Drop every picture, then print the rest of the listing exactly as given.

### Supplied material

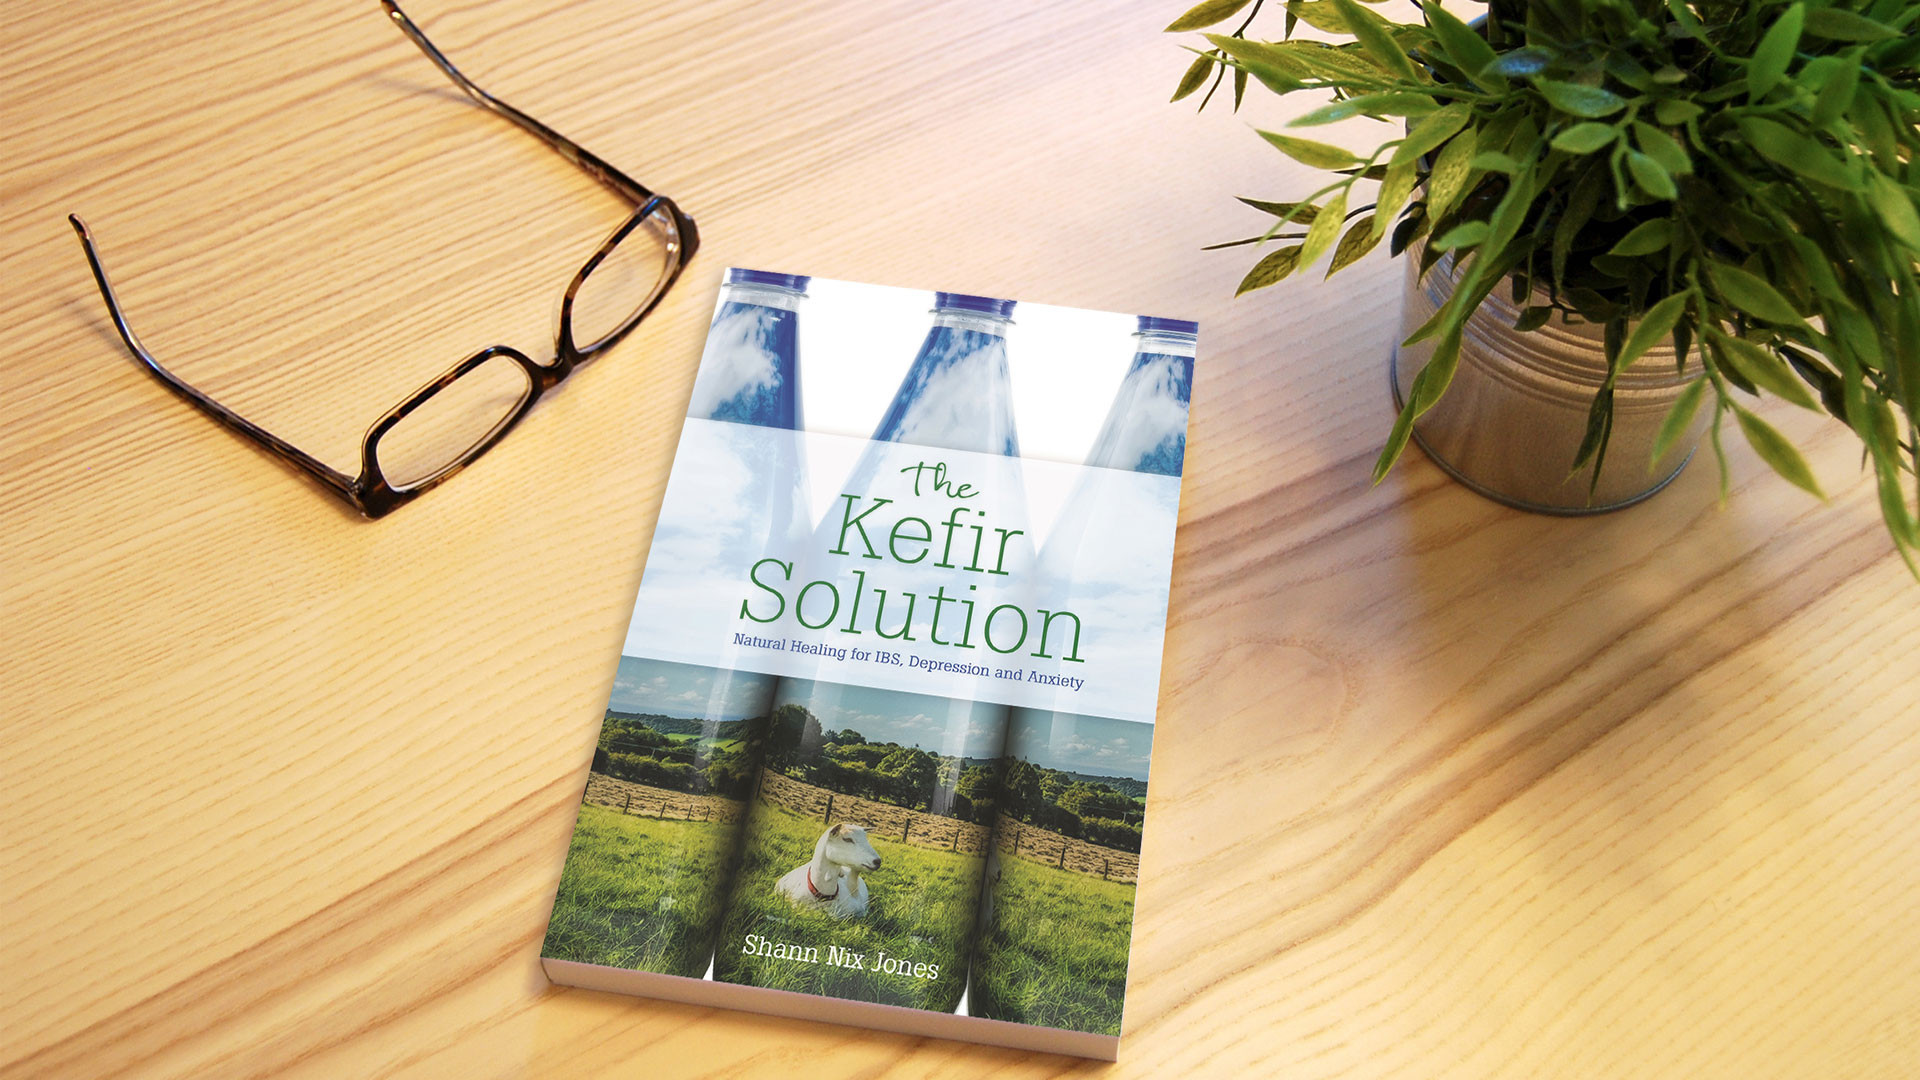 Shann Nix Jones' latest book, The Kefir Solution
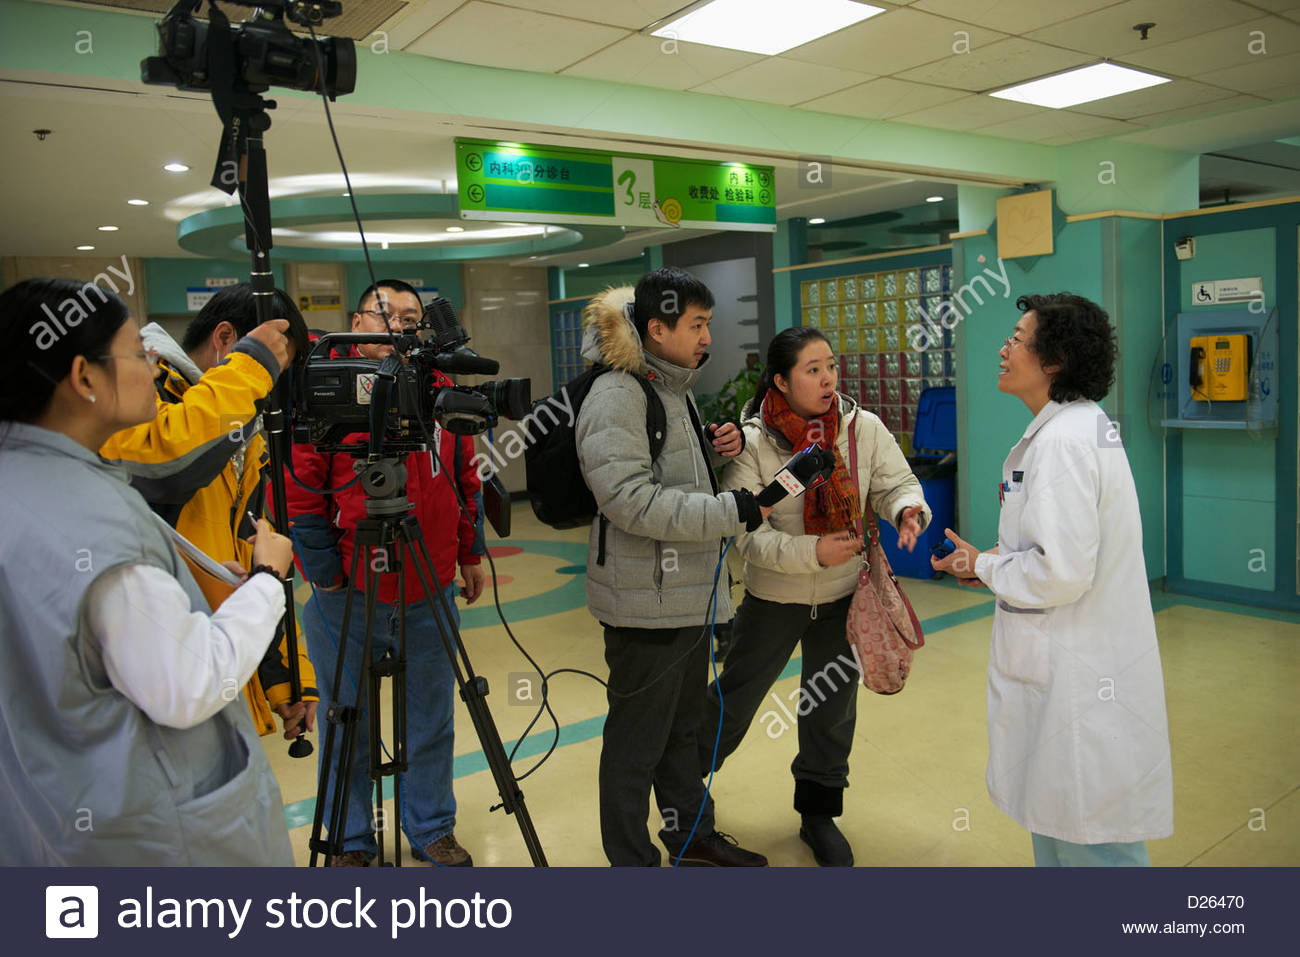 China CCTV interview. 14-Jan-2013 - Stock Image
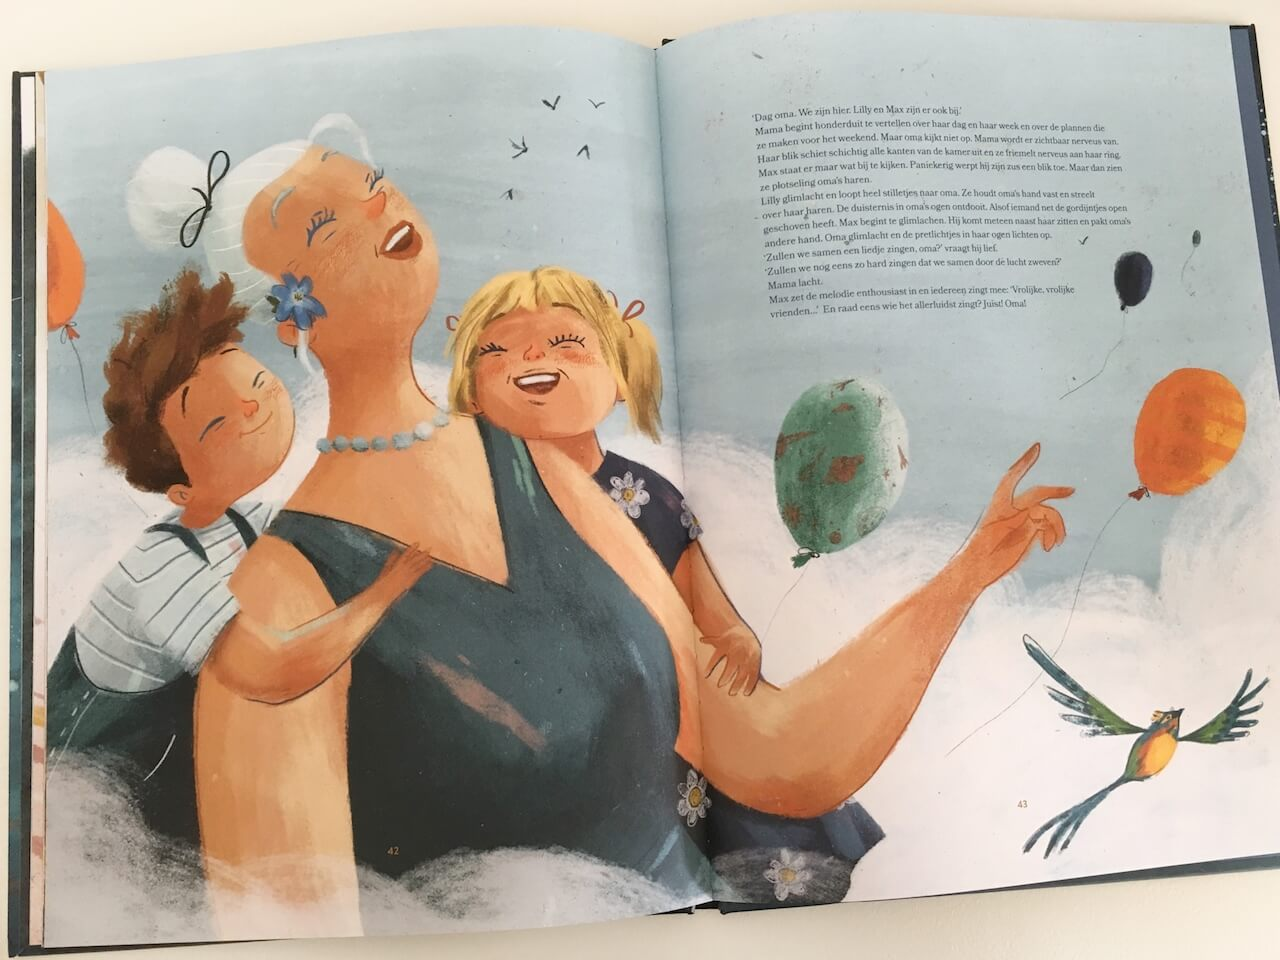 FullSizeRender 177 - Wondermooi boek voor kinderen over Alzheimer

######

### Response for this exercise:
 Shann Nix Jones' latest book, The Kefir Solution
 China CCTV interview. 14-Jan-2013 - Stock Image
 FullSizeRender 177 - Wondermooi boek voor kinderen over Alzheimer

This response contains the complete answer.